So, maybe im understanding this wrong, please feel free to share your thoughts as well.

Covid depletes phosphorous, so if your already low, you might die. People, like alcoholics, or people with something like crohn's, these people are walking around with not much phosphorous in them. For me i believe its the aki, the acute kidney injury I received during my lovely time at arca being poisoned with refrigerant. It seems this one specific part of my kidneys are busted, all other function is perfectly normal. If it was long covid, my calcium and magnesium should be out of whack, its perfectly normal. The only thing that is off for me is the phosphorous and the uric acid, which is handled by the same region in the kidney.

And once that happens, the phosphorous, the calcium, and the manganese dropping, this is what causes the organ damage is my best guess. Im no doctor.

But here is what gets me. They have known this since at least 2021, if not 2020. But whats the standard protocol?

Stick them on a ventilator, and give them something like Remdesivir, which will destroy your kidneys if you have any kind of kidney impairment because it cant metabolize it properly.

Remdesivir is not recommended for use in patients with an estimated glomerular filtration rate (eGFR) less than 30 mL/min1. 73 m2 owing to the presence of excipients3 that may accumulate in kidney dysfunction and worsen kidney or hepatic outcomes.

How many people were just straight up murdered by dr. fauci? Wasnt he the one who recommended this procedure?

I feel like some of this information, like this part.

Available data show that phosphate and Mg are deficient in COVID-19, with phosphate showing a remarkable correlation with its severity. In one experiment, patients with COVID-19 were supplemented with a cocktail of vitamin D3, Mg, and vitamin B12, with very encouraging results. We, thus, argue that patients with COVID-19 should be monitored and treated for phosphate and Mg deficiencies, ideally already in the early phases of infection. Supplementation of phosphate and Mg combined with vitamin D could also be implemented as a preventative strategy in populations at risk.

should be pinned in the sidebar somewhere.

1 year ago
4 score
Reason: None provided.

I also wanted to mention something else, I was going to make my own thread but meh, ill say it again, I am a terrible op. I just dont care about much lol.

I was googling the relationship between long covid and low phosphorous. The last time I looked into this, was about 1 and 1/2 years ago when I had omicron, and passed out and my blood pressure was hitting something like 100/50, heart rate 32 while the emts had me hooked up. It was brutal, thought I was gonna kick the bucket for sure.

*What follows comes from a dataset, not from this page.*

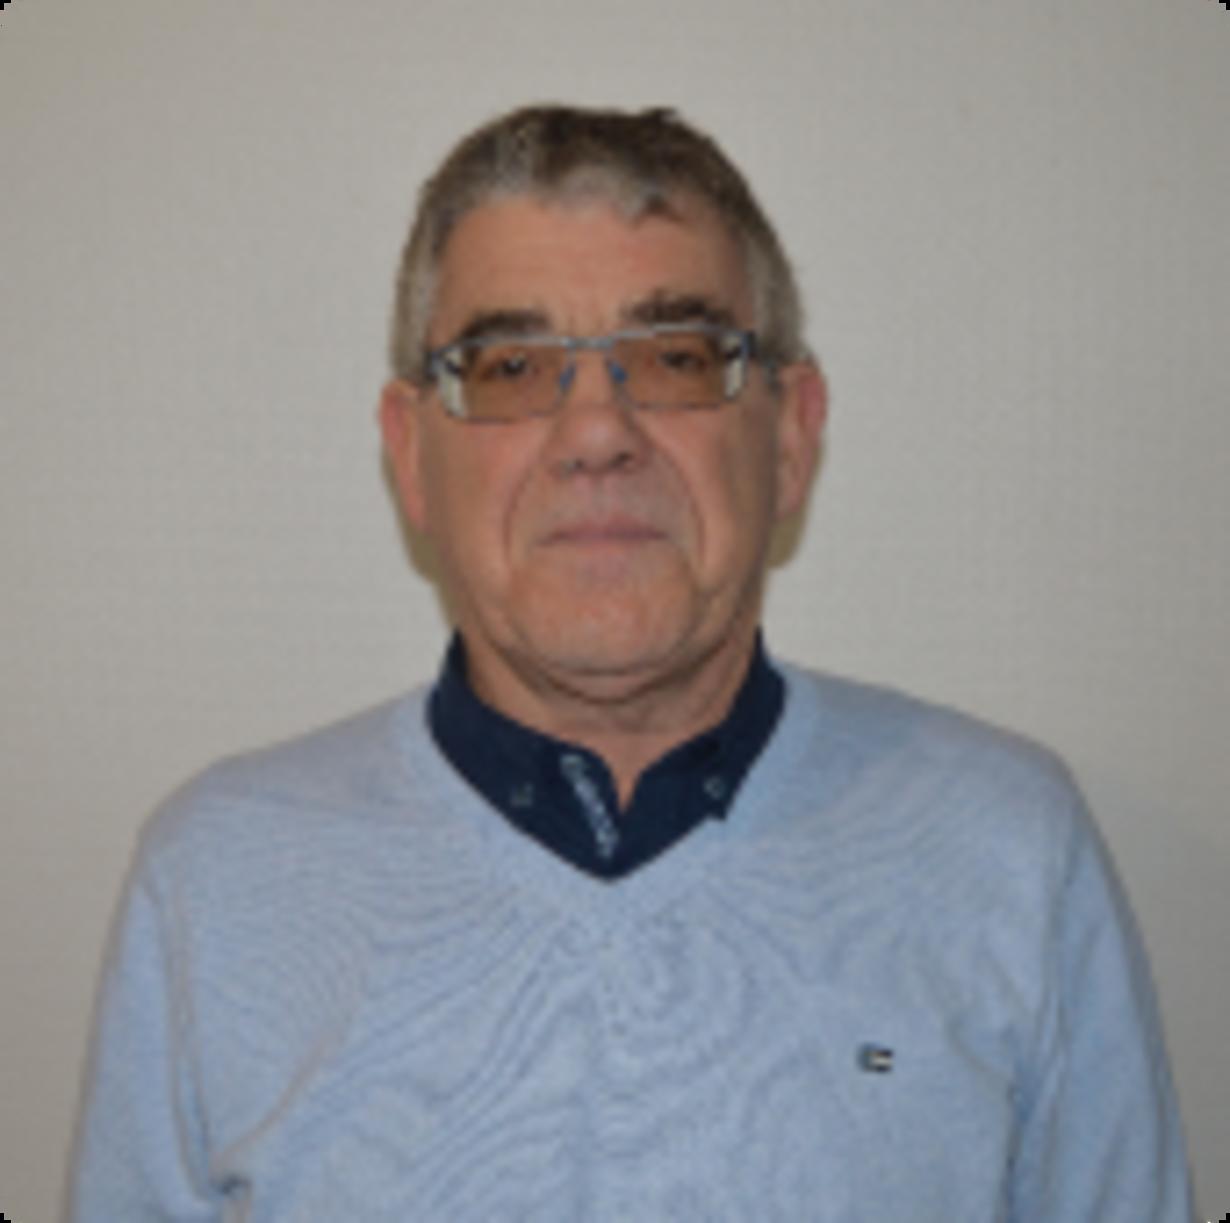 jean-pierre - le goff 2eme maire-adjoint

mid 40's is where my heart usually sits when im sleeping. 60 when resting

I did come across this bit.

https://onlinelibrary.wiley.com/doi/10.1002/jmv.26515

We conducted a single-center hospital-based study and consecutively recruited 122 suspected and 104 confirmed patients with COVID-19 during January 24 to April 25, 2020. Clinical risk factors of COVID-19 were identified. The discriminative power of low calcium and phosphorus regarding the disease severity was evaluated. Low calcium and low phosphorus are more prevalent in severe or critical COVID-19 patients than moderate COVID-19 patients (odds ratio [OR], 15.07; 95% confidence interval [CI], 1.59–143.18 for calcium; OR, 6.90; 95% CI, 2.43–19.64 for phosphorus). The specificity in detecting the severe or critical patients among COVID-19 patients reached 98.5% (95% CI, 92.0%–99.7%) and 84.8% (95% CI, 74.3%–91.6%) by low calcium and low phosphorus, respectively, albeit with suboptimal sensitivity. Calcium and phosphorus combined with lymphocyte count could obtain the best discriminative performance for the severe COVID-19 patients (area under the curve [AUC] = 0.80), and combined with oxygenation index was promising (AUC = 0.71).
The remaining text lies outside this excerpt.